Israeli Arabs and Palestinians are already subject to various forms of apartheid -- on the roads, at checkpoints and in the job market. But Soffer fears that pent-up frustration against state discrimination and growing Palestinian nationalism among Israel's Arab minority will express itself in the future in a large unified voting bloc that will undermine Israel's political stability. On war-and-peace issues, some of the 11 Israeli-Arab representatives in the Knesset already have begun showing more solidarity with their Palestinian brothers than loyalty toward the Jewish state. (Azmi Bishara, an Arab member of the Knesset, is currently on trial for calling this year for the continuation of the armed intifada against Israel at a meeting attended by members of Hezbollah, the Lebanese Islamic guerrilla group and one of Israel's sworn enemies.) In another few years, as the representation of Israeli Arabs grows, "they will be able to decide whether the state of Israel should be a Jewish-Zionist state or whether it should turn into a state of all its citizens," warned Soffer in his study.

Soffer also predicts that the demographic boom will turn the security situation into an even bigger nightmare than it is now. Increased numbers of Palestinians living in abject poverty in the West Bank and Gaza will feed radical movements and multiply Palestinian attempts to sneak into Israel to work or commit violent acts, he warns. If Gaza's population doubles in 20 years as it is expected to, while its already overburdened infrastructure continues to collapse, "then one has to expect a decline in the standards of living and despondency.
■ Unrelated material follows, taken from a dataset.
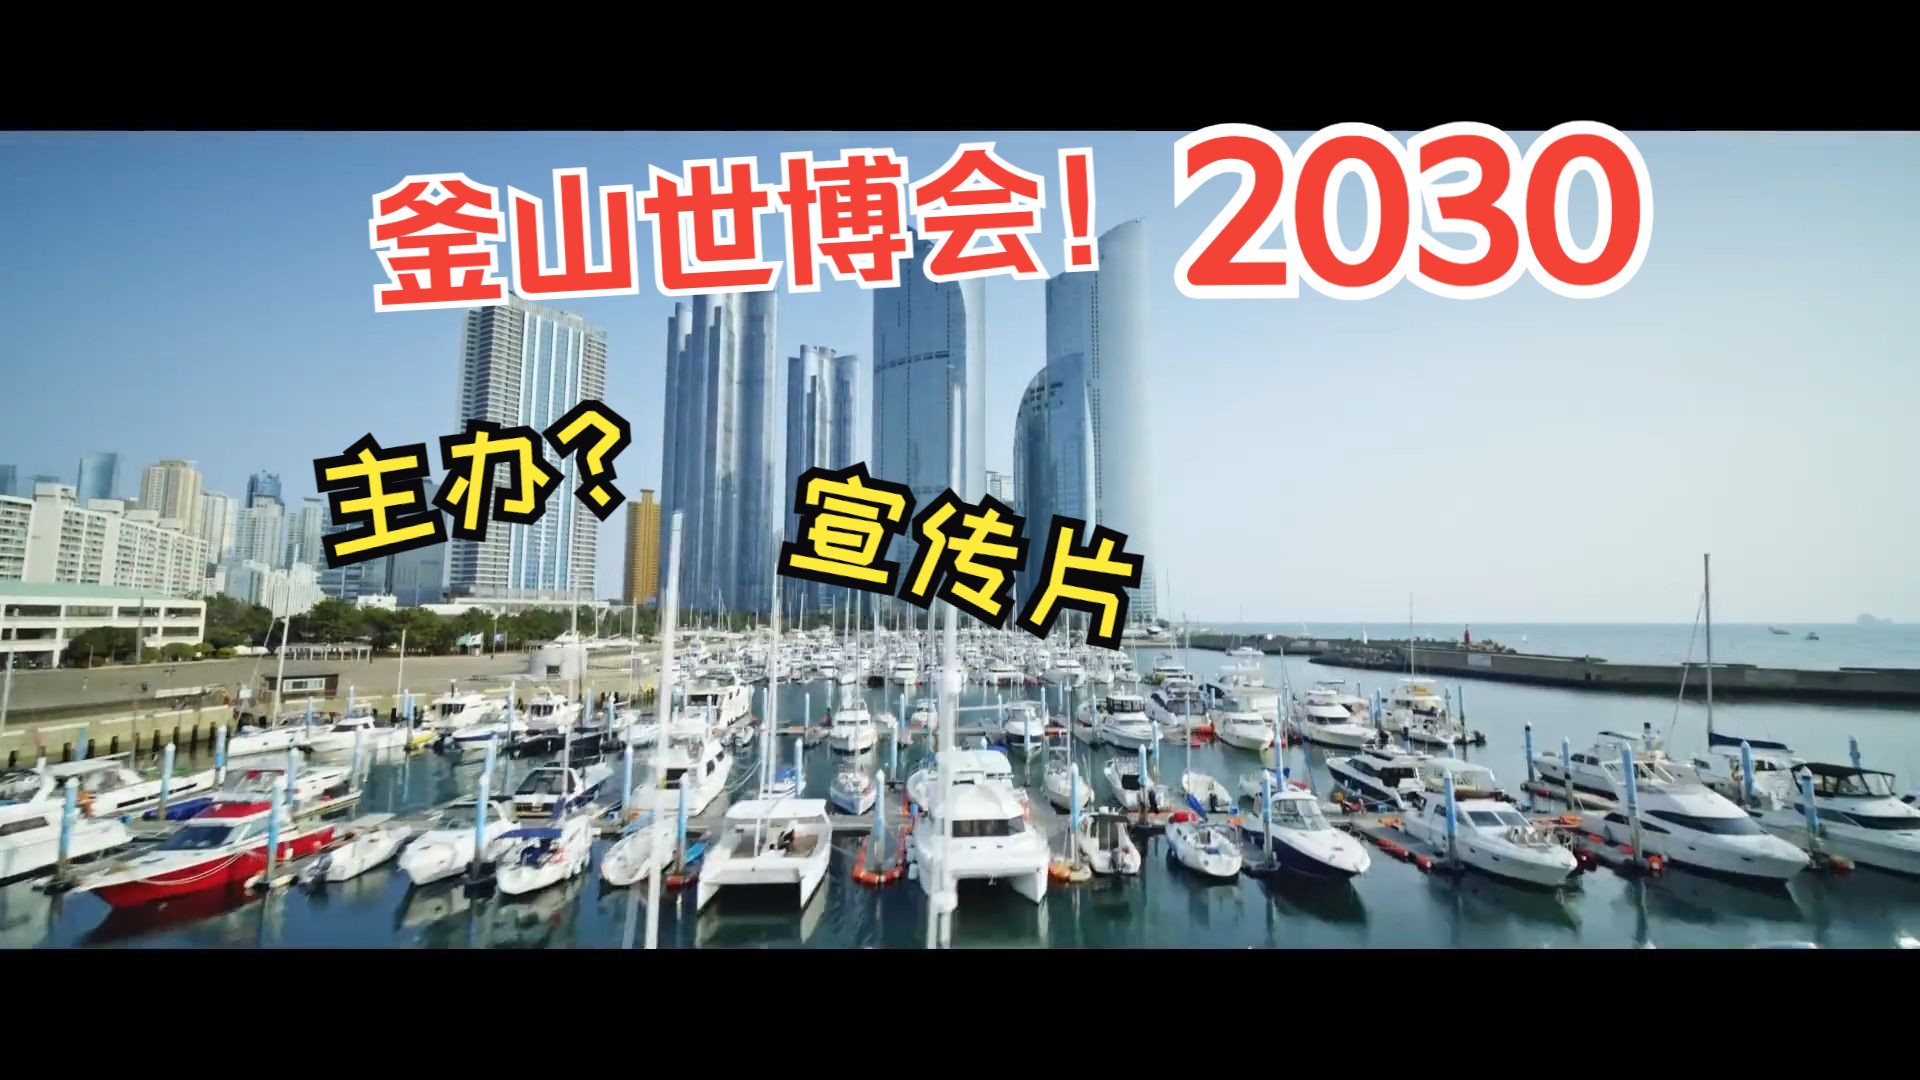 釜山准备好了?l 韩国 l 2030 世博会!

Such an embittered population is dangerous and it is reasonable to assume it will turn to extremist measures, from terror to holy war," wrote Soffer in his latest study. (Palestinian population growth is already a problem for the Palestinian Authority, whose limited resources, corruption and inefficiency prevent it from addressing society's growing needs, thereby opening a breach for Islamic charities run by radical groups like Hamas.)